*** DATA EXCERPT Section Begins ***
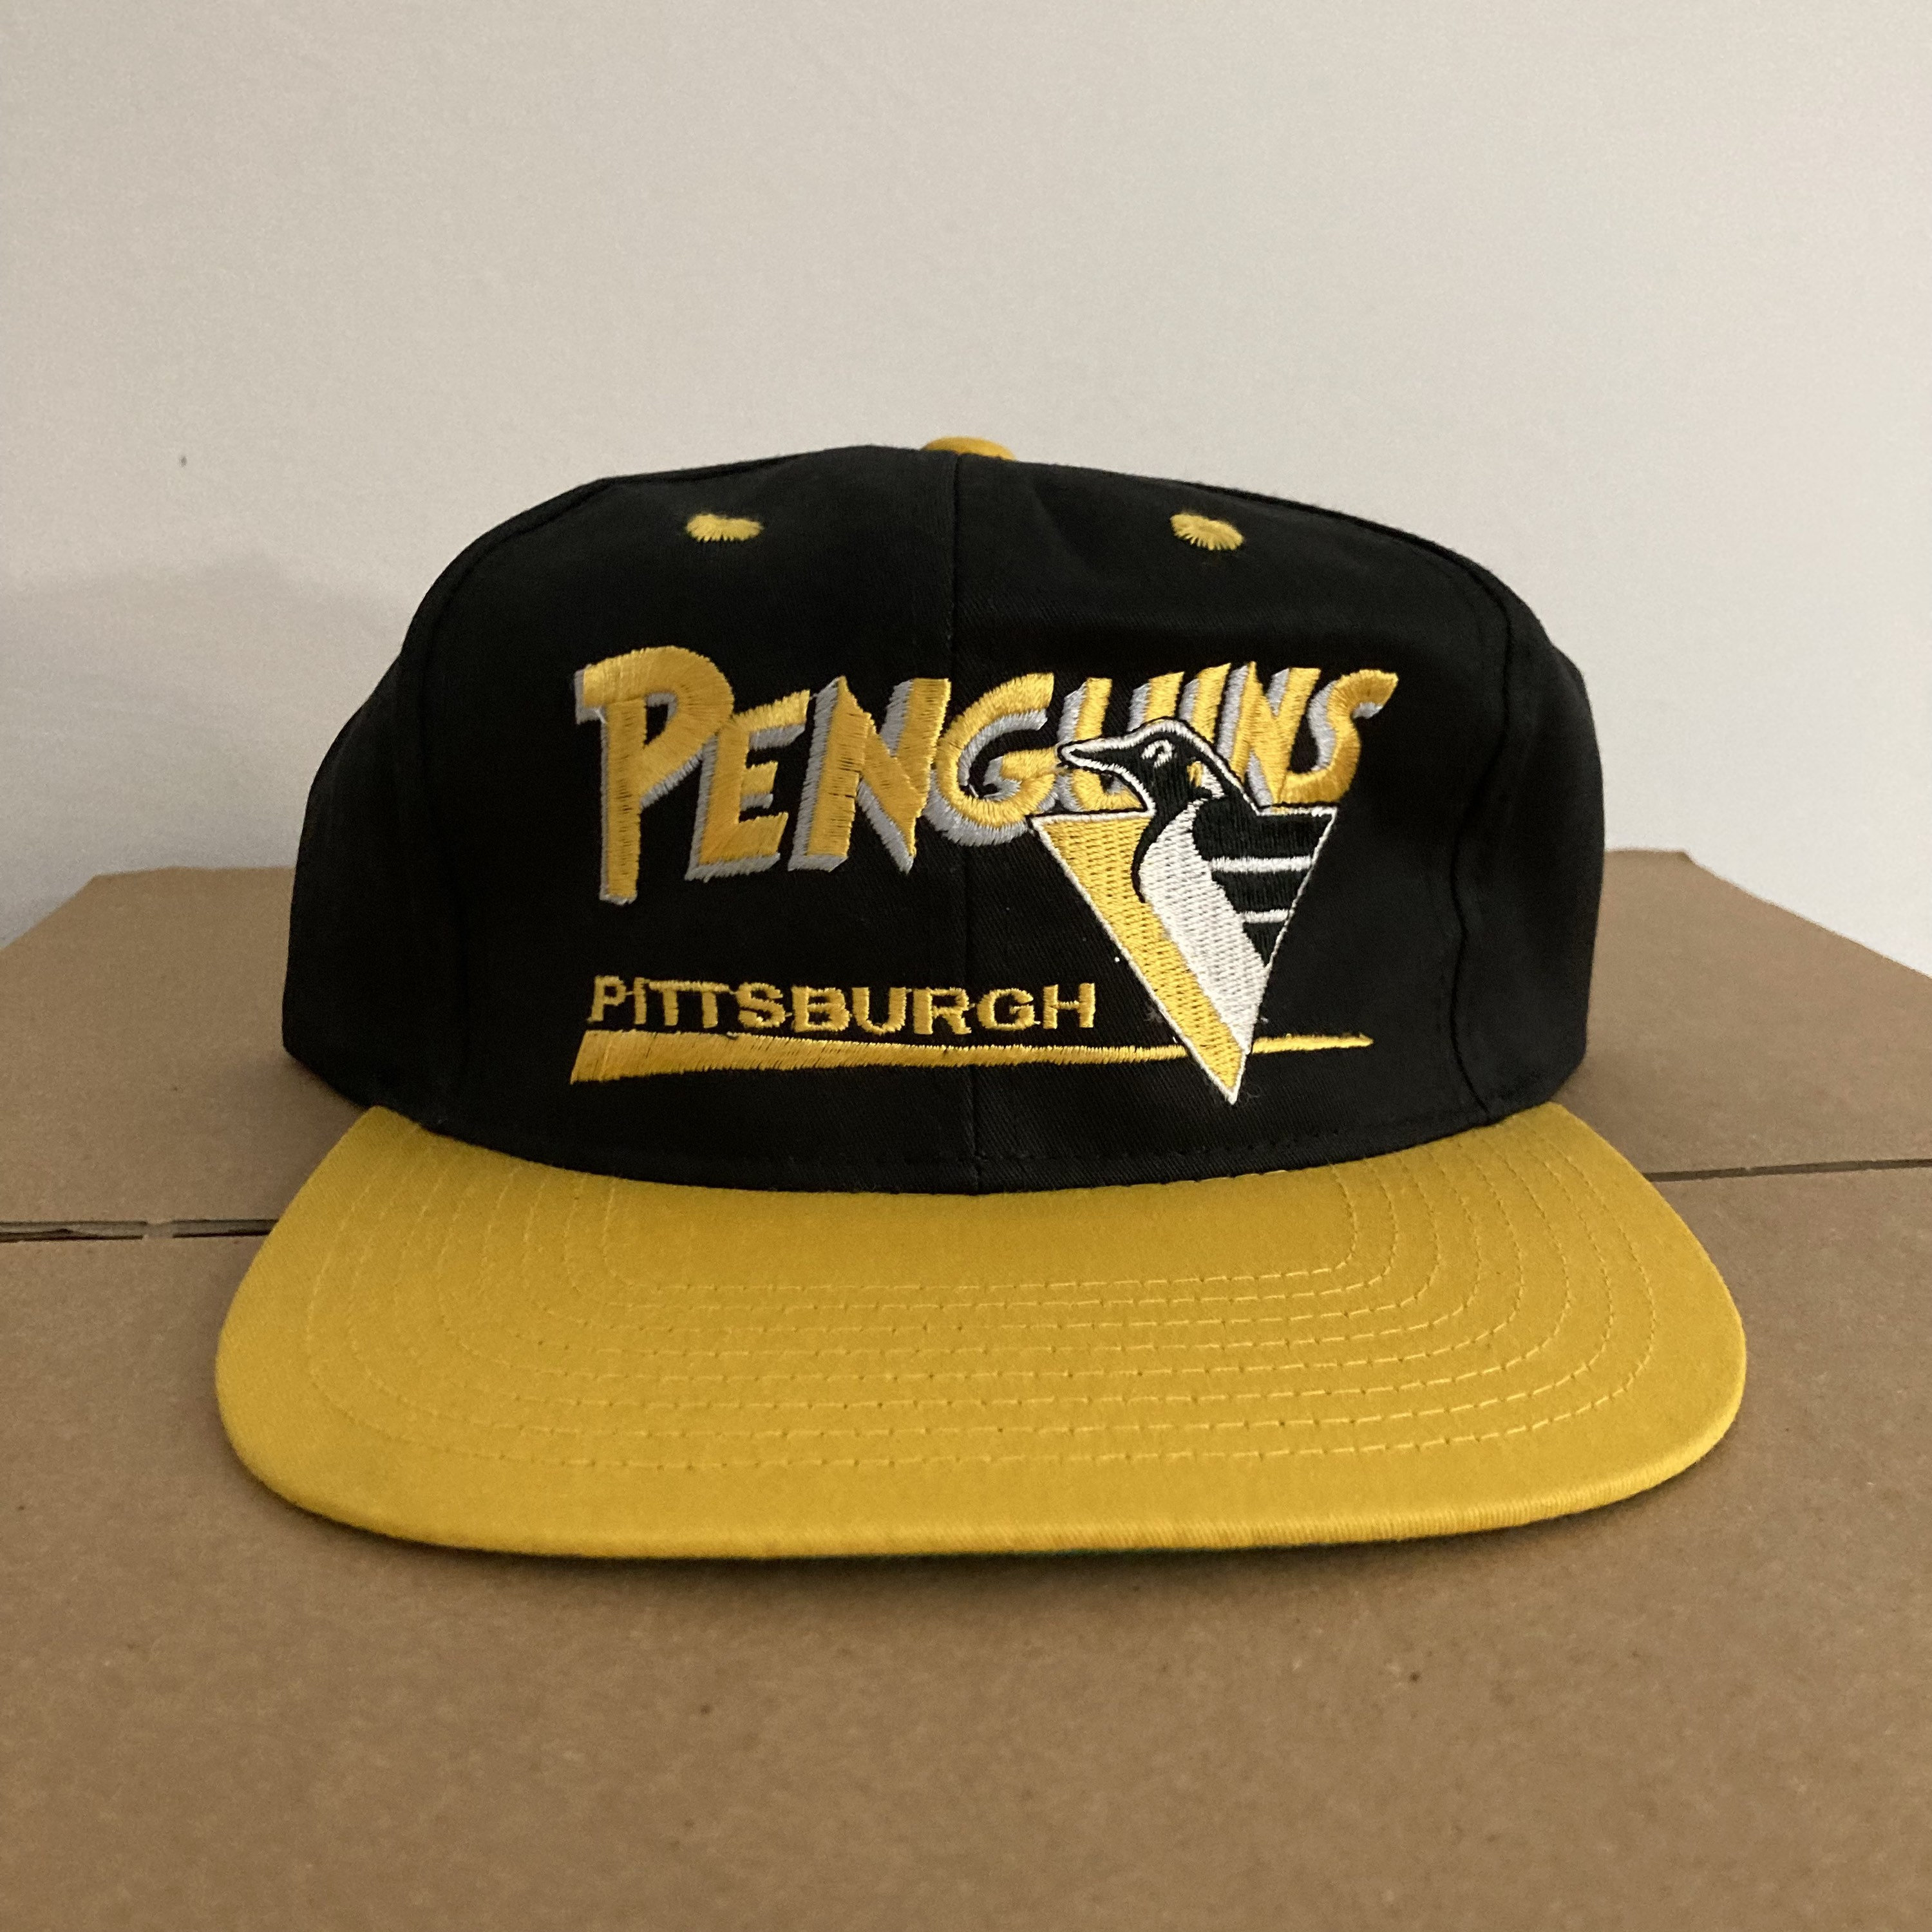 Pittsburgh Penguins Hat  Penguin hat, Clothes design, Hats
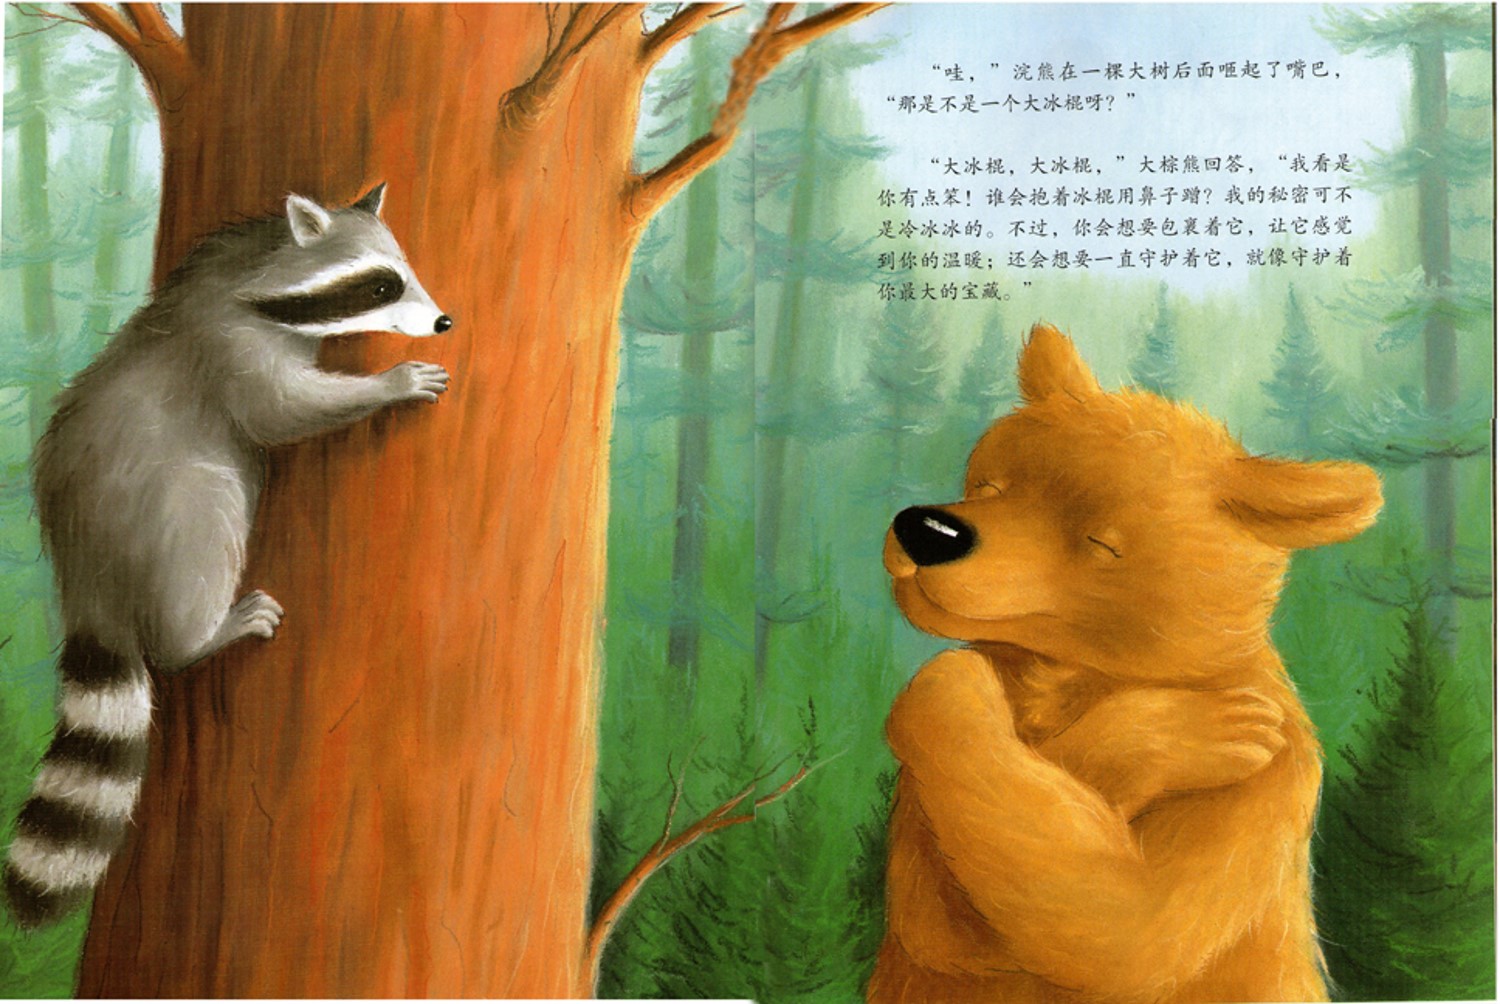 亲子绘本阅读第1本《大棕熊的秘密》
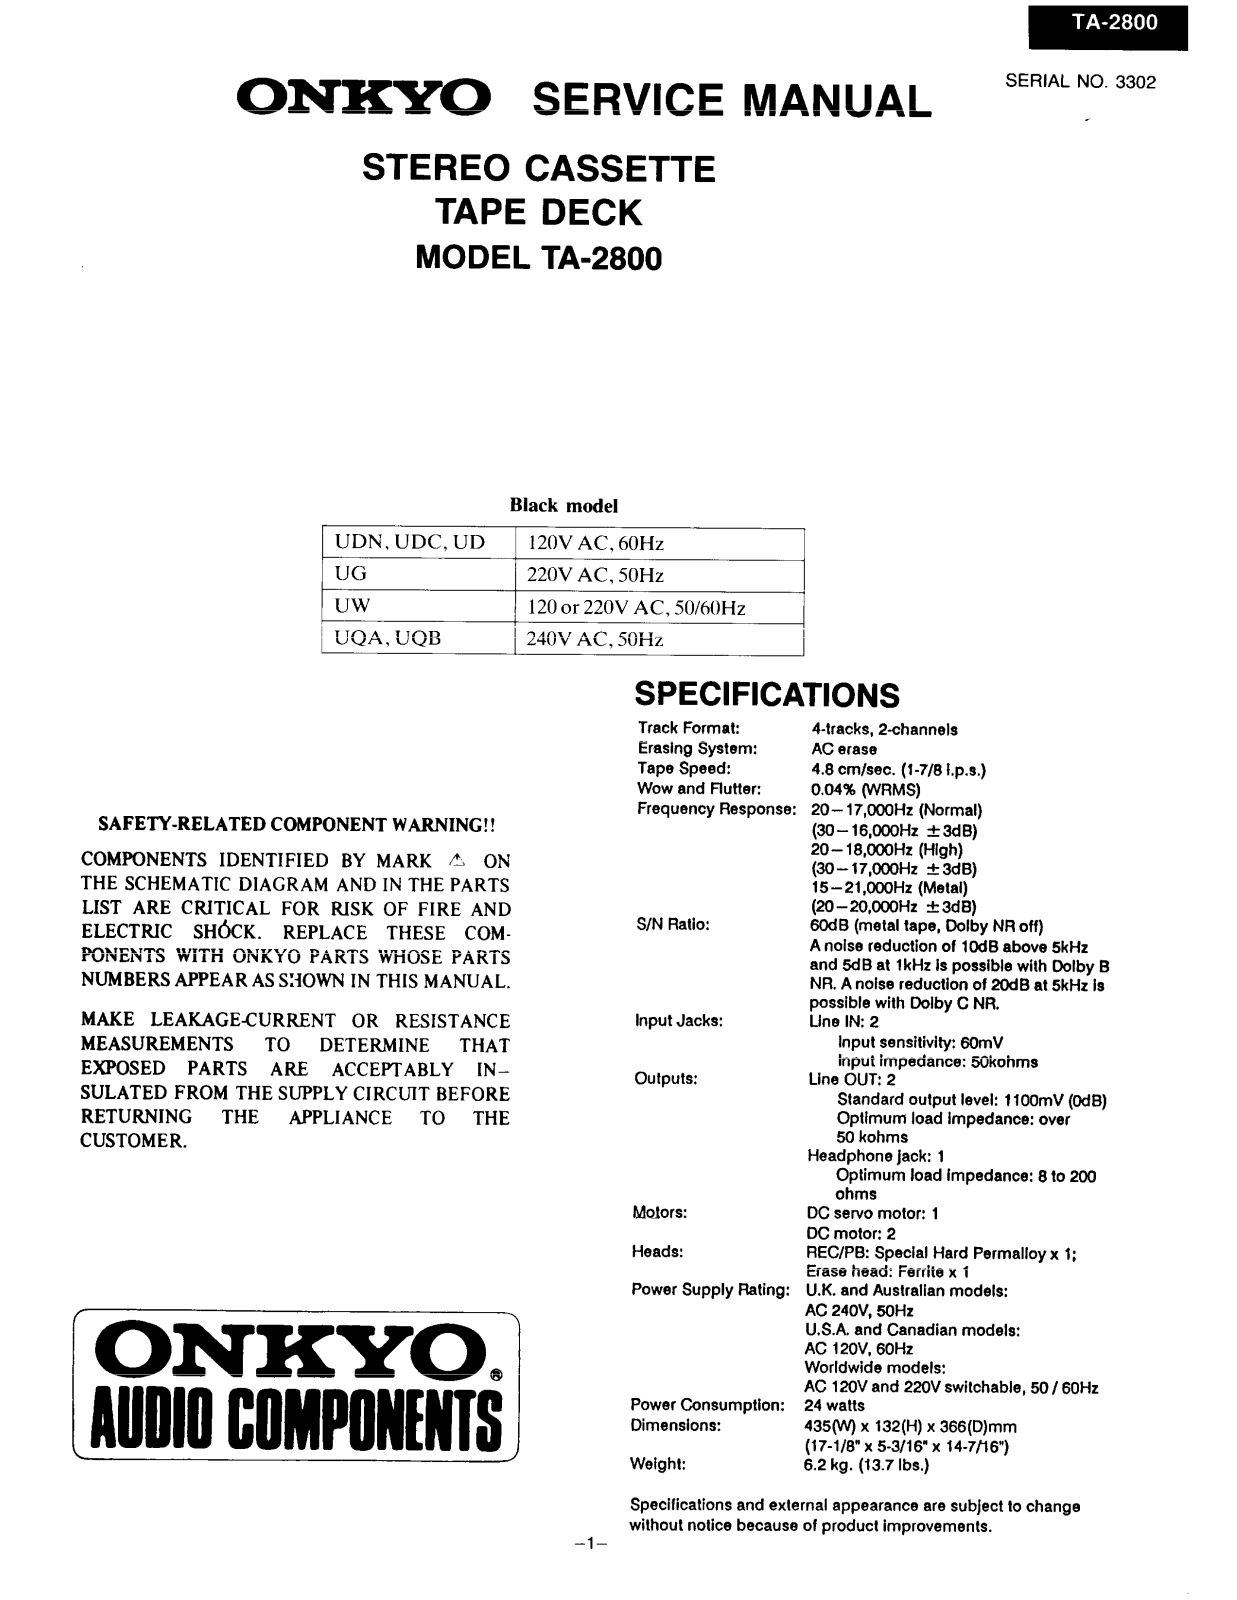 Onkyo TA-2800 Service manual
*** DATA EXCERPT Section Ends ***
WORK TASK:
Give every line of the listing above again, exactly, with no images.

SOLUTION TO THIS EXERCISE:
 Pittsburgh Penguins Hat  Penguin hat, Clothes design, Hats
 亲子绘本阅读第1本《大棕熊的秘密》
 Onkyo TA-2800 Service manual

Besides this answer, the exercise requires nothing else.